Entre o ser e o tornar-se estamos inscritos, isto é, somos esta
“tensão entre o já e o ainda não que se reflecte nas imagens de
família: é verdade que podemos ser chamados família de Deus em
sentido estrito (Gal 3,26; Gal 4,6; Gal 4,7; Rom 8, 14; Rom 8,16);
mas também é verdade que ainda não recebemos a plenitude da
filiação (Rom 8,19.21.23)”. Precisamos por isso de ser gerados.

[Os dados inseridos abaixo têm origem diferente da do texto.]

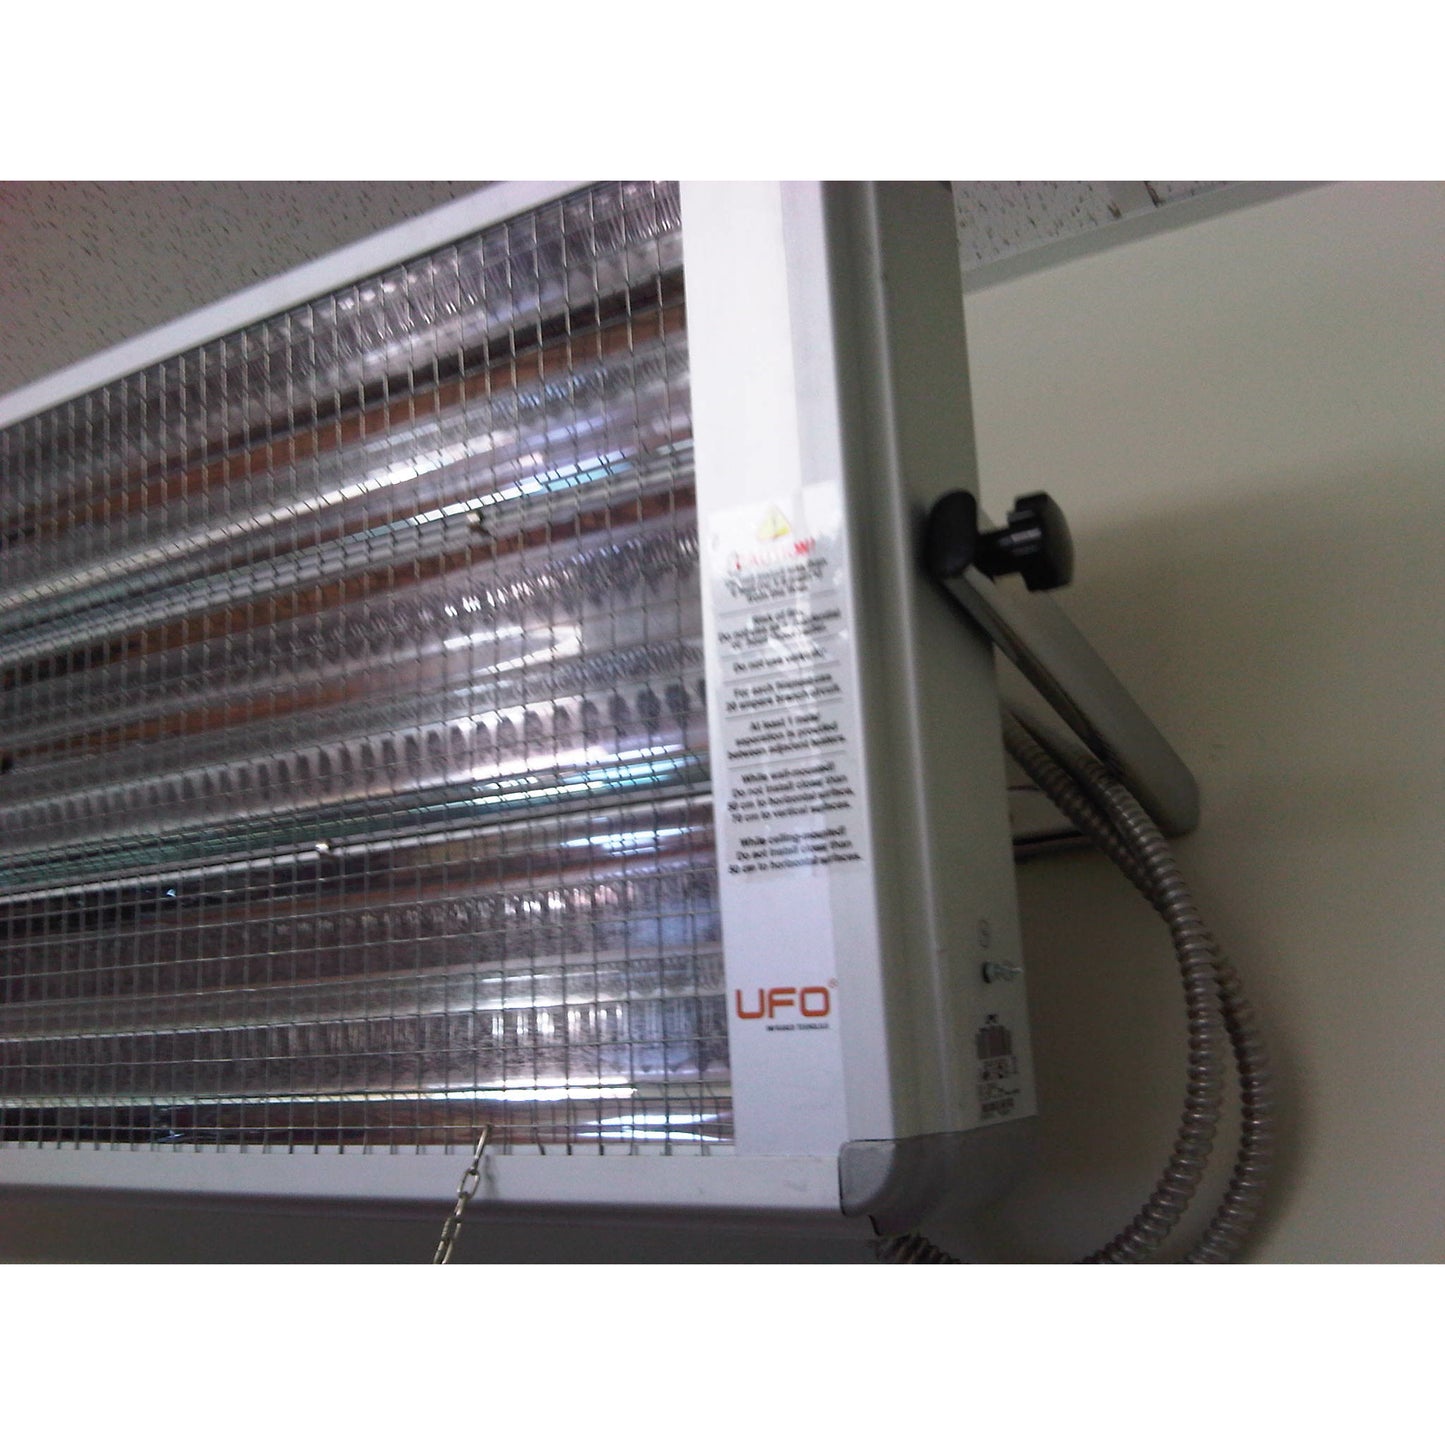 Industrial Heater 5400 Watt 230-V Heater

Parece-me pertinente, partindo desta premissa tipicamente paulina,
ir ao encontro daquilo que diz André Fossion sobre o presente
histórico da Igreja: “a fé cristã –diz ele - encontra-se hoje num
estado generalizado de começo ou de recomeço. Quem diz
«recomeço» diz, ao mesmo tempo, processo de morte e de
renascimento. Hoje assistimos, com efeito, tanto ao fim de um
mundo, como ao fim de um certo Cristianismo. Contudo, este não
é o fim do mundo nem o fim do Cristianismo. É antes um tempo
de germinação com tudo o que pode implicar de saudade – e
também de satisfação – por aquilo que morre, bem como de
incertezas e de esperança por aquilo que nasce. Trata-se, portanto,
de uma perda, mas também de reencontros noutros lugares e de
outra forma”.
Se é este o quadro histórico do nosso cristianismo, como favorecer
nele os começos da Fé? – pergunta-se Fossion. E ele próprio
responde: desaprendendo e reconstruindo um conjunto de
representações. A primeira dela liga-nos diretamente ao núcleo
vital da teologia de Paulo: precisamos de reaprender o significado
de criação. A criação não é o Big Bang inicial, como coisa que
deixamos no passado. A criação não só está atrás de nós: ela está
também no presente e, sobretudo, à nossa frente [no futuro]. Deus,
com efeito, não criou o homem; ele cria-o, e continuará a criá-lo.
Neste sentido, nós estamos sempre em estado de ser criados e de
criar: «Toda a criação geme e sofre as dores de parto até ao
presente», diz S. Paulo (Rm 8,22). A história humana, a aventura
crente é criação continuada, “é história de salvação que a potência
criadora de Deus acompanha, recomeçando, excedendo-se,
conduzindo-nos sem cessar para novos horizontes, para aspirações
ainda maiores”. Nós não somos simplesmente testemunhas de um
passado. Cada cristão é um documento do futuro.